An urban view — 07 July 2017

Having one of only six windmills with sails to be found in London on your doorstep you’d have thought that I would be a regular visitor.

Unfortunately, complacency set in and I haven’t visited Upminster windmill for over 35 years.

Now closed for a £1.4 million restoration this Grade II* listed industrial building is a rare survivor from a time when London had hundreds of working machines grinding flour for the populace.

Built in the smock style (the name refers to the sloping sides of the structure that give the building the appearance of a countryman’s smock) with an octagonal tower and brick base it has 5 floors and it primarily use was for milling wheat.

Built by local farmer James Nokes in 1803 it remained in use as a family business until 1934. The working estate built up around the mill including granaries for storing large quantities of corn, a bakery, stables, outbuildings, a miller’s residence and two workers’ cottages.

The capacity of the mill was regularly increased by the addition of extra pairs of millstones. By the mid-1850s there were six pairs of millstones, some driven by wind power, the rest driven by a steam engine

When the mill changed hands in 1849, the mill estate was described as being:

“eligibility situated on a pleasing eminence on the High Road at Upminster, comprising a most substantial modern built Corn Mill, capable of dealing with very extensive business”.

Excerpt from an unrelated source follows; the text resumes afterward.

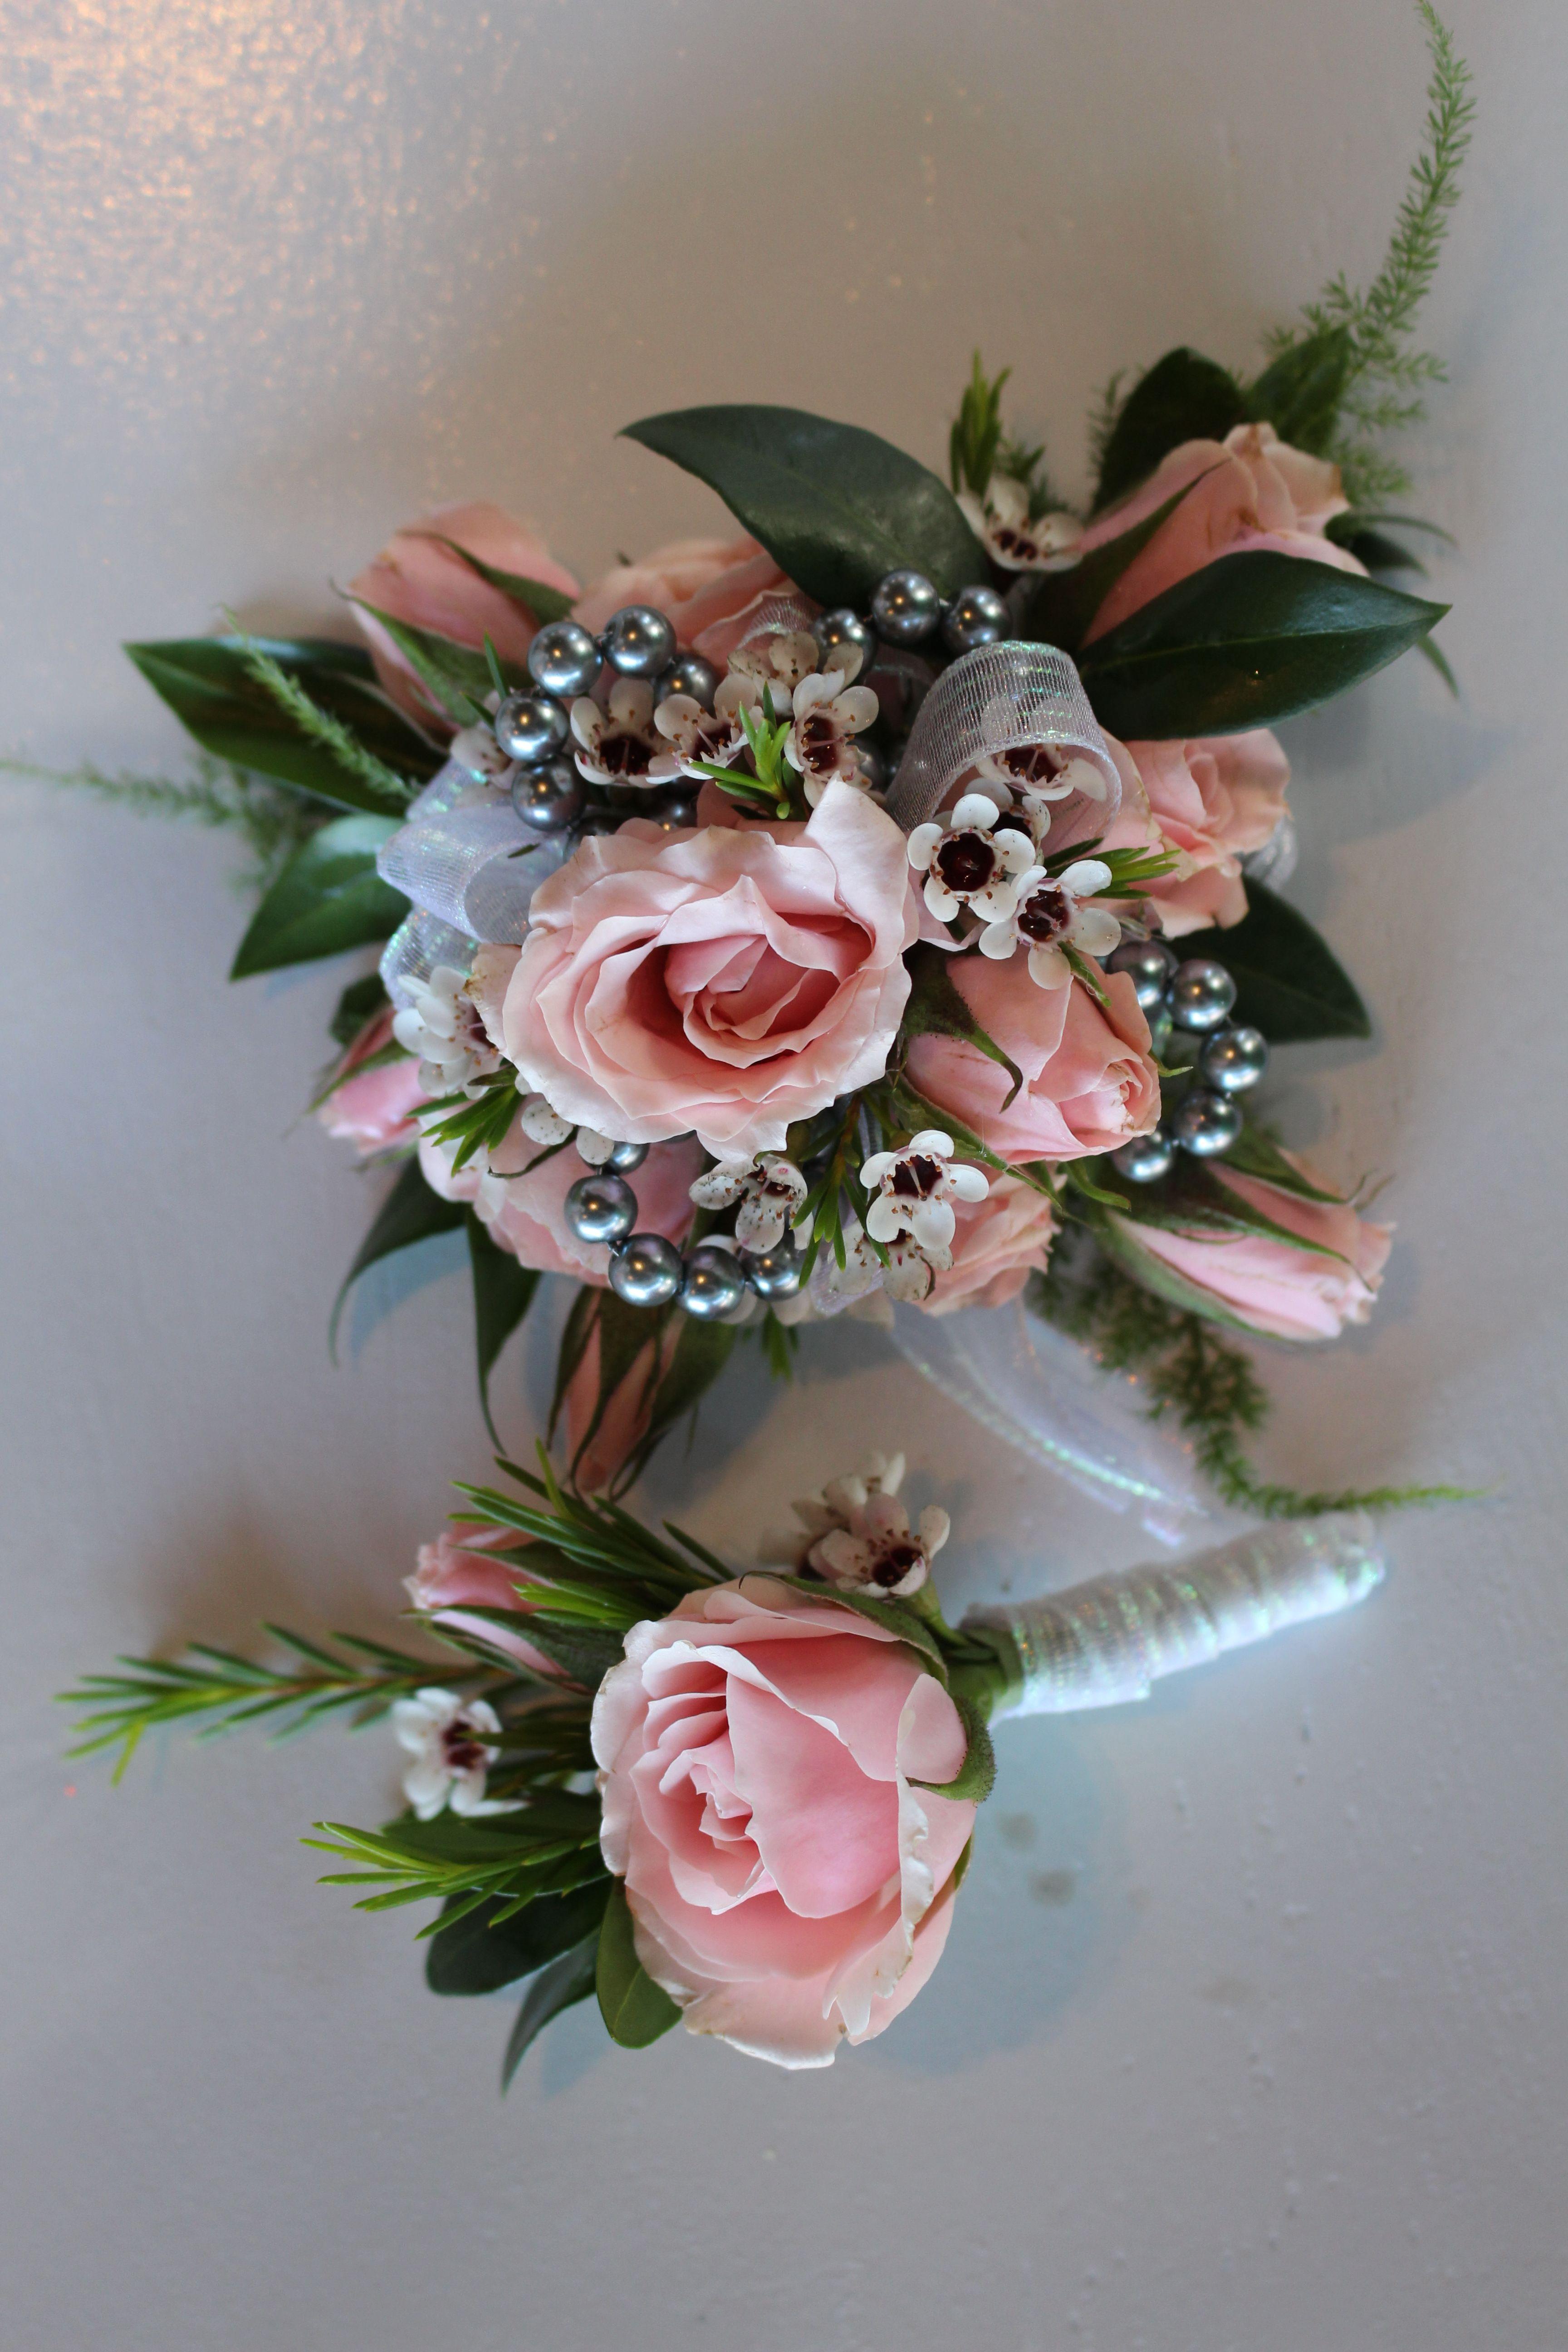 Bouquet Sposa Con Zagare.Pink And Silver Prom Corsage Nozze Matrimonio

Locally the mill was known as Abraham’s Mill after Thomas Abraham, who was originally the foreman to the Nokes family and subsequently one of the mill’s owners.

In 1889 the mill was struck by lighting and in 1900 during a violent storm, the wind shaft snapped causing the sails to crash to the ground.

The restoration will include a new visitor’s centre and when finished next year along with its neighbour a Tithe Barn will be open at weekends during summer.

The other five windmills with sails in Greater London are Barnet Gate Mill in Barnet; Keston Windmill in Bromley; Shirley Windmill, Croydon; Wimbledon Common Windmill; and Ashby’s Mill in Lambeth.

Image: Upminster Windmill Richard Dunn (CC BY-SA 2.0)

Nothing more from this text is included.